Herein, we report the in situ hydrothermal synthesis of SnO2–PPy nanotubes with a 3-D structure. In the composites, SnO2 nanoparticles are homogeneously distributed on the surfaces of the PPy nanotubes. This unique hierarchical structure not only provides good structural robustness and short ion/electron diffusion pathways, but also has benefits for electrolyte penetration and Na+ transport. The obtained 3-D structured SnO2–PPy nanotube network showed a good reversible capacity of nearly 288 mA h g−1 when discharging at 100 mA g−1, with more than 69.1% capacity retention and stable coulombic efficiency of 99.6% over 150 cycles. Good rate capability is observed, based on current rate variation during cycling from 50 mA g−1 to 1 A g−1.

Experimental section

Synthesis of PPy tubes

The PPy tubes were synthesized according to a previous report38 with some modifications. The process of synthesis was as follows: 1.95 g of FeCl3 was added to 150 mL a solution containing 98 mg methyl orange (MO) in deionized water under constant stirring. A flocculent precipitate appeared immediately. Then, 0.484 g (0.5 mL) of pyrrole monomer was added into the mixture and the mixture was continuously stirred for 24 hours at room temperature. After that, the thus-formed PPy precipitate was washed several times with deionized water/ethanol, until the filtrate was colourless and neutral. Finally, the precipitate was dried under vacuum at 60 °C for 24 h.

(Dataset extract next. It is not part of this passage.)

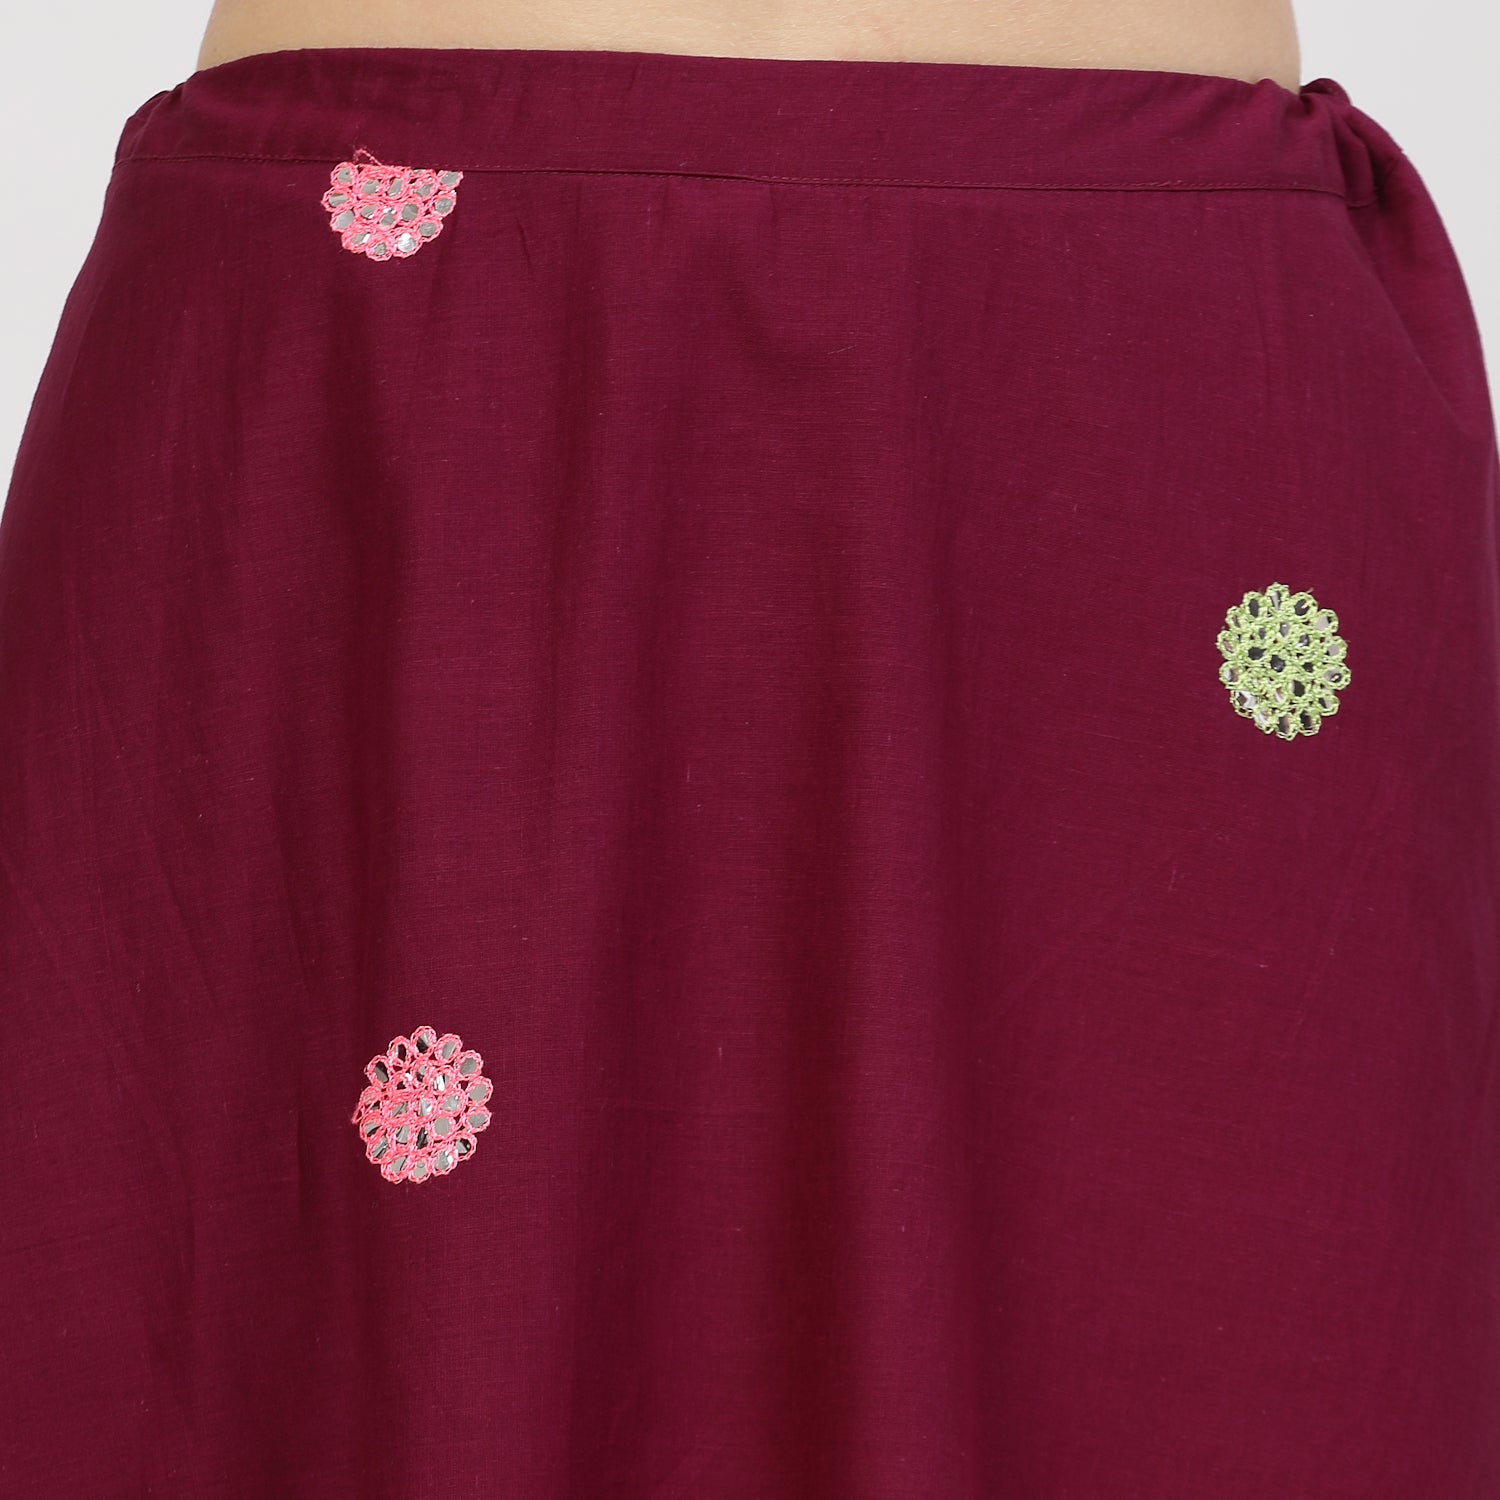 Purple Asymmetrical Skirt With Mirror Embroidery

Preparation of the SnO2@PPy nanocomposites

In a typical procedure, 0.035 g hexamethylenetetramine (HMTA) and 0.02 g urea were dissolved in 30 mL ethanol, and then 0.1 g PPy was dispersed into the foregoing solution by ultrasonic treatment for 0.5 h. 0.1 g of SnCl2·2H2O was added to the preceding mixture and stirred in for 30 minutes. Subsequently, the resulting blend was transferred into a Teflon-lined autoclave and heated up to 120 °C for 10 h. When the precipitates were cooled down to room temperature naturally, then washed it with distilled water and ethanol for several times. Drying the precipitates in a vacuum oven overnight at 60 °C, the final product (denoted as SnO2–PPy-1) was obtained. SnO2–PPy-2 was obtained by adjusting the weight of SnCl2·2H2O to 0.15 g. For comparison, pure SnO2 nanoparticles were prepared with the same conditions without the addition of PPy.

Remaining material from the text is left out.